I'm not sure that this stuff fits the Intel Fortran Forum, but I hope you hear me out.
Running the current Fortran model causes the following CPU throttle and lasts for 1 minute, degrading the model's performance. I agree that this throttle is a good feature to protect the cpu, but I think the throttle of my equipment may be too sensitive.
I wonder if it is possible to control the throttle generation conditions (duration, limit temperature, etc.).
#One. Throttle log
node: 12/13/2022 16:20:02 Processor - CPU 1 Status - Throttled
node: 12/13/2022 16:20:03 Processor - CPU 2 Status - Throttled
node: 12/13/2022 16:21:07 Processor - CPU 1 Status - No longer throttled
node: 12/13/2022 16:21:07 Processor - CPU 2 Status - No longer throttled
#2. CPU exhaust temp
node: Exhaust Temp: 37.00000 °C
What is your system? (notebook, desktop, workstation, server)
If desktop or workstation you could change or correct the CPU cooling system.
If notebook or server, clean the ductwork and assure inlet and exhaust ports are not obstructed or inducting hot air.
Also, many of the motherboard BIOS have a control setting for the CPU fan. You can read your motherboard documentation for guidance.
This brings back a memory. In the early days of 16 bit PCs, we had a 1-dimension river model, written in FORTRAN, that we had converted from mainframe to run on PC. We wanted to get it to 3 day flow forecast cases in under 10 minutes, but running on the PCs native hardware it was taking 45 minutes.
So we bought a very expensive specialty card that hosted a 32 bit CPU. You compiled your code with a cross compiler, and could then
offload the computation onto this card.
Problem that we ran into was that the card ran pretty hot, and would eventually crash if you ran several cases in a row.
To fix this, we eventually installed an external muffin fan, but as an interim measure, someone found an old oscillating fan that we set up to blow on the case holding the card.
This had an interesting side effect. The fan was sitting pretty close to the CRT monitor, and there was an interaction between magnetic field from the fan motor and the monitor that made the image on the screen undulate as the fan moved back and forth. Made me a bit woozy staring at it after a while.

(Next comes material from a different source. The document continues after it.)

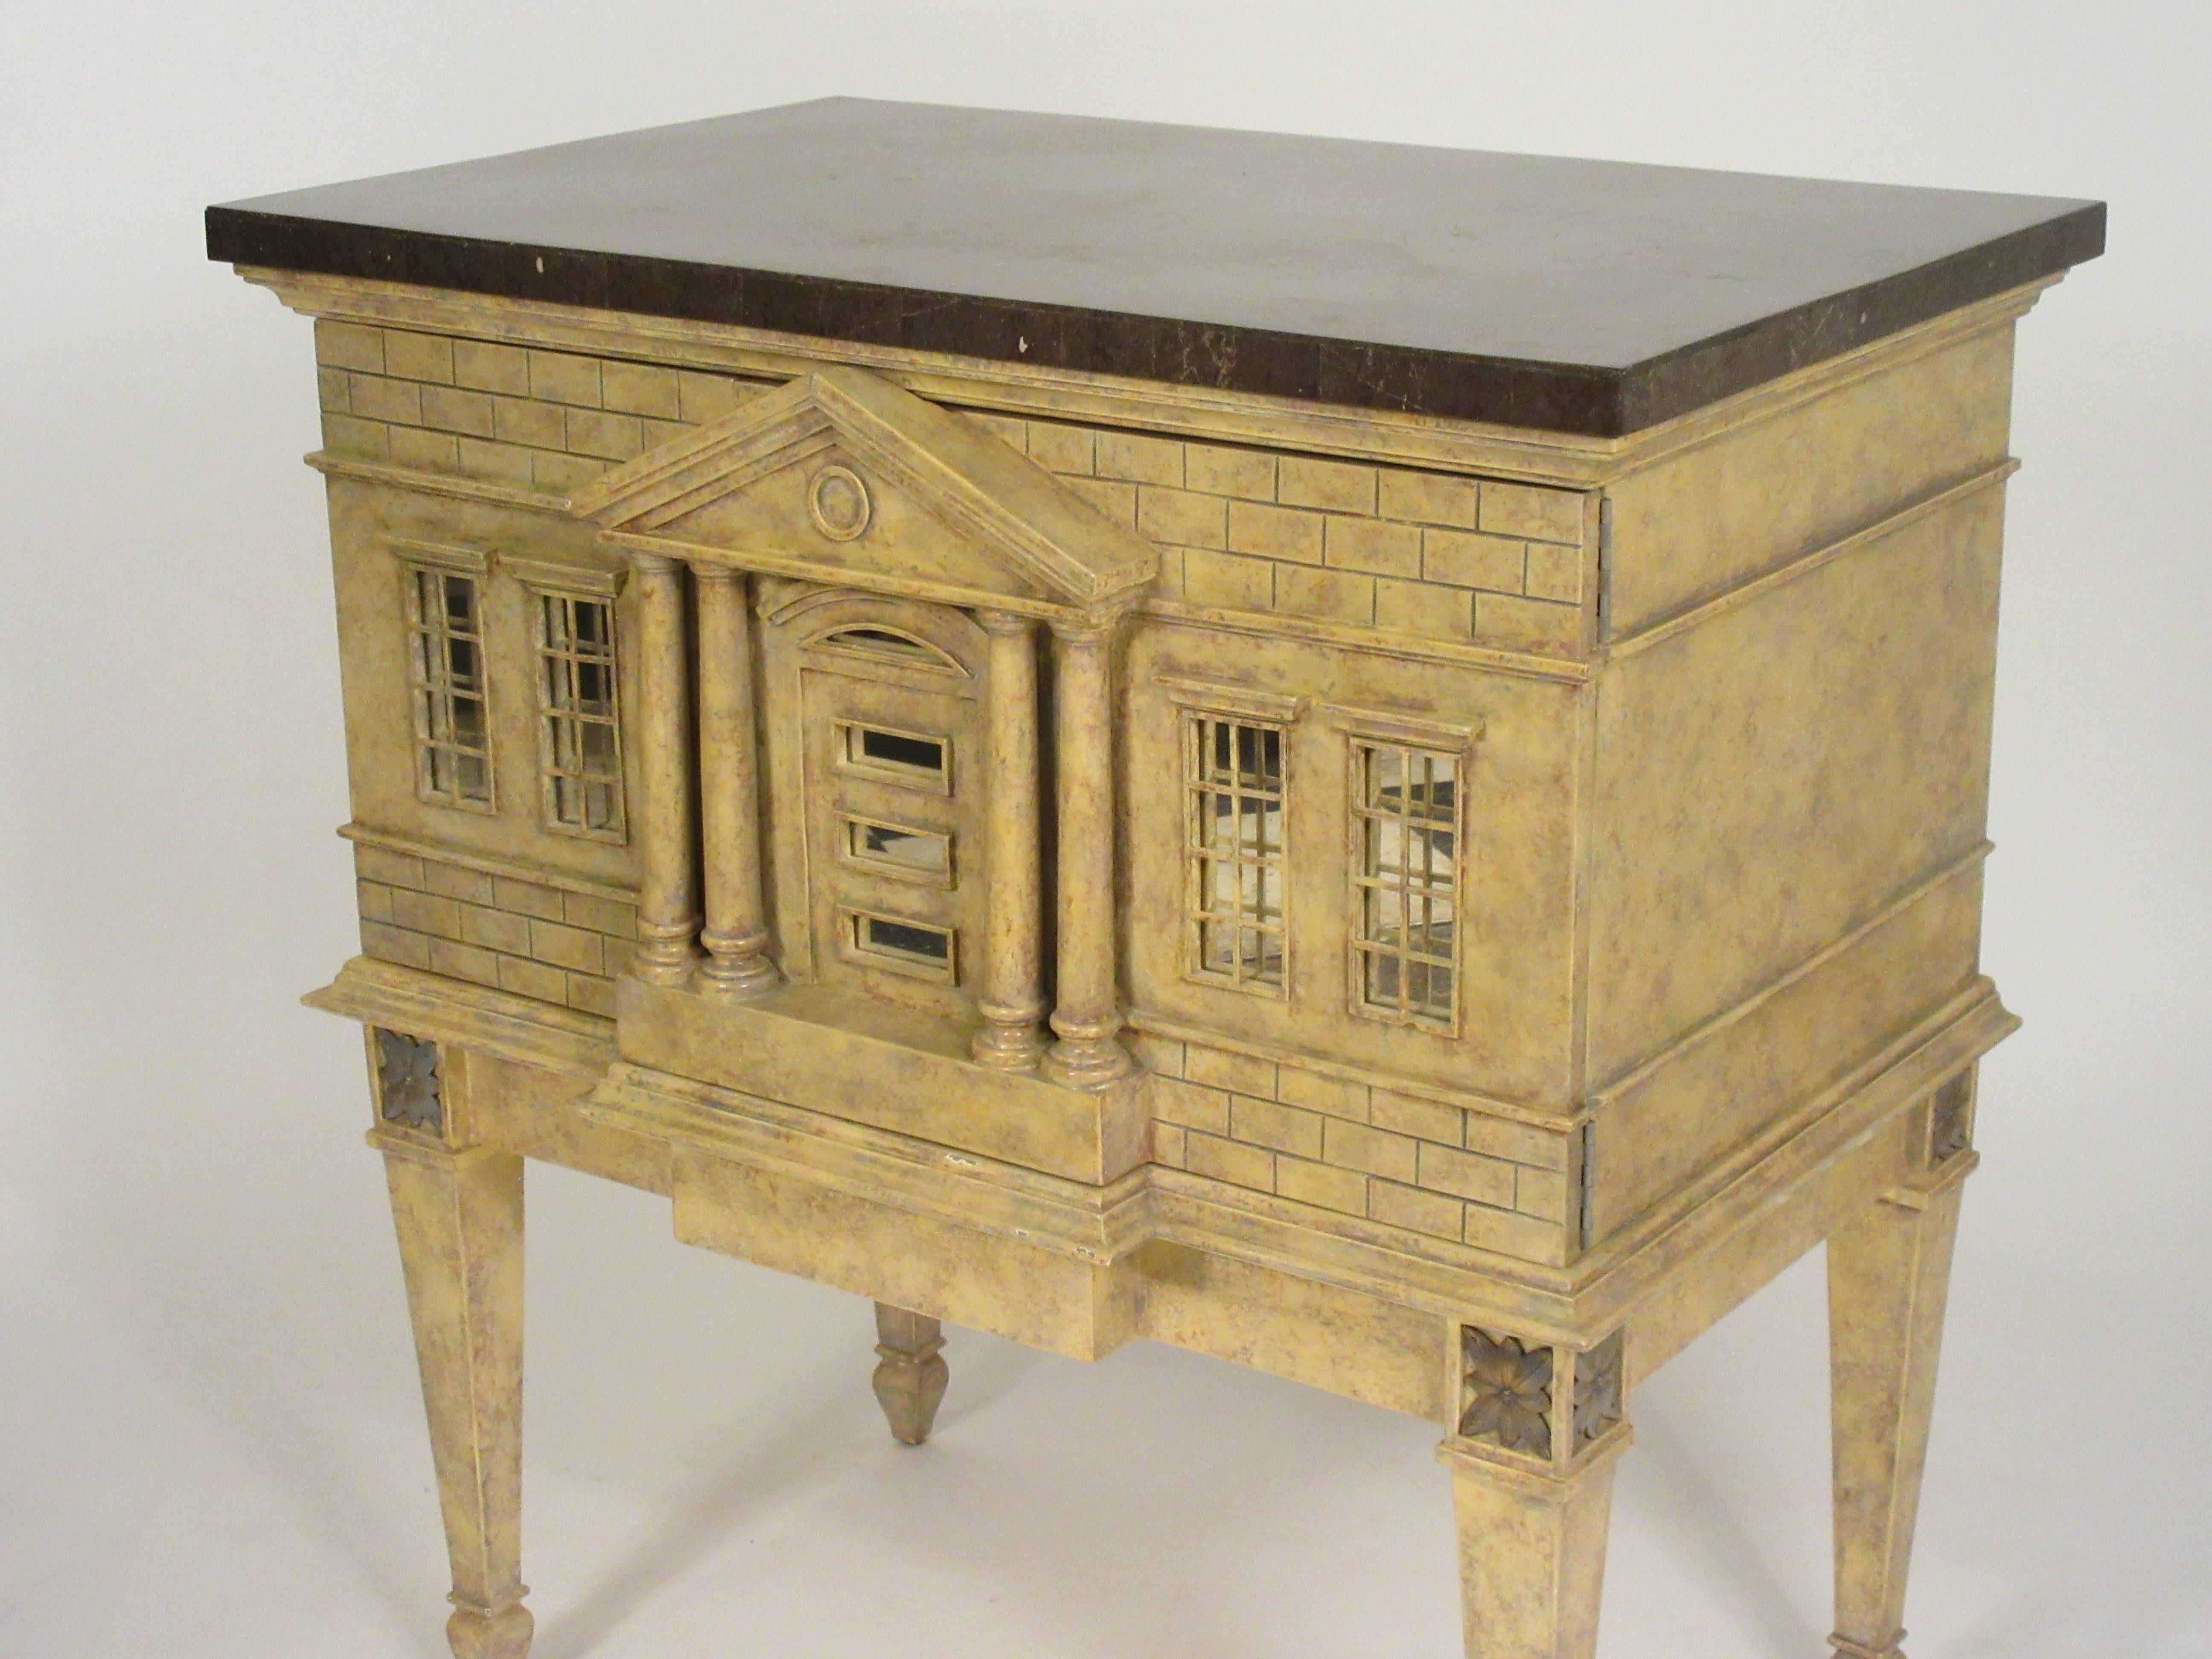 Unique chest, designed as a classical building stone top and brass accents.

We still use a version of this same model. On modern PC hardware, we will run an entire year in under a minute.
Running highly vectorized code can do this, especially with AVX-512. Knowing the system and CPU you have can certainly help. what -x or -ax option are you using (if any). Is this an AVX-512 capable server, or a laptop/desktop PC?
Also, can you run a system monitor to see your memory usage?
I know Vtune has a monitor for this sort of analysis of throttling. it may help you find the section of code that hammers the vector units and causes the throttling.
Each calculation node is equipped with 2 Intel Icelake 8360Y and 256GB of RAM.
I used -xHost or -xCORE-AVX512 when compiling, and I thought this might be a problem, so I excluded the option, but the same problem occurred. (The default setting may also be a problem.)
I also tried/not used the following options, but the same throttle occurs.
I think the overall Cooling-system is the problem, and I just want to see if there is a way to reduce the heat a little in the compiler or CPU.
(We also know that less heat means less performance.)
How many threads per CPU are you using by your application (including MKL threads if MKL is threaded)?
If you are using all 72 threads per CPU, you might try using 36 threads per CPU and binding each to a core (preferably to both HT siblings of each core).
Using AVX512 simultaneously in both HT siblings in a single core runs about the same speed (flops) as running one (or the other) HT per core. At least that was the case on earlier CPU generations. Scalar sections of the code could run faster and/or some gain can be seen when one HT sibling stalls for memory or LLC.
This may reduce your throttling. And potentially could attain higher throughput.
It is easy enough to try.
The 8360Y is listed with Scalability as 2S (two sockets)
But it also lists Max # of UPI Links as 3
Is this a misprint? 3 UPI Links would be used on 4S system.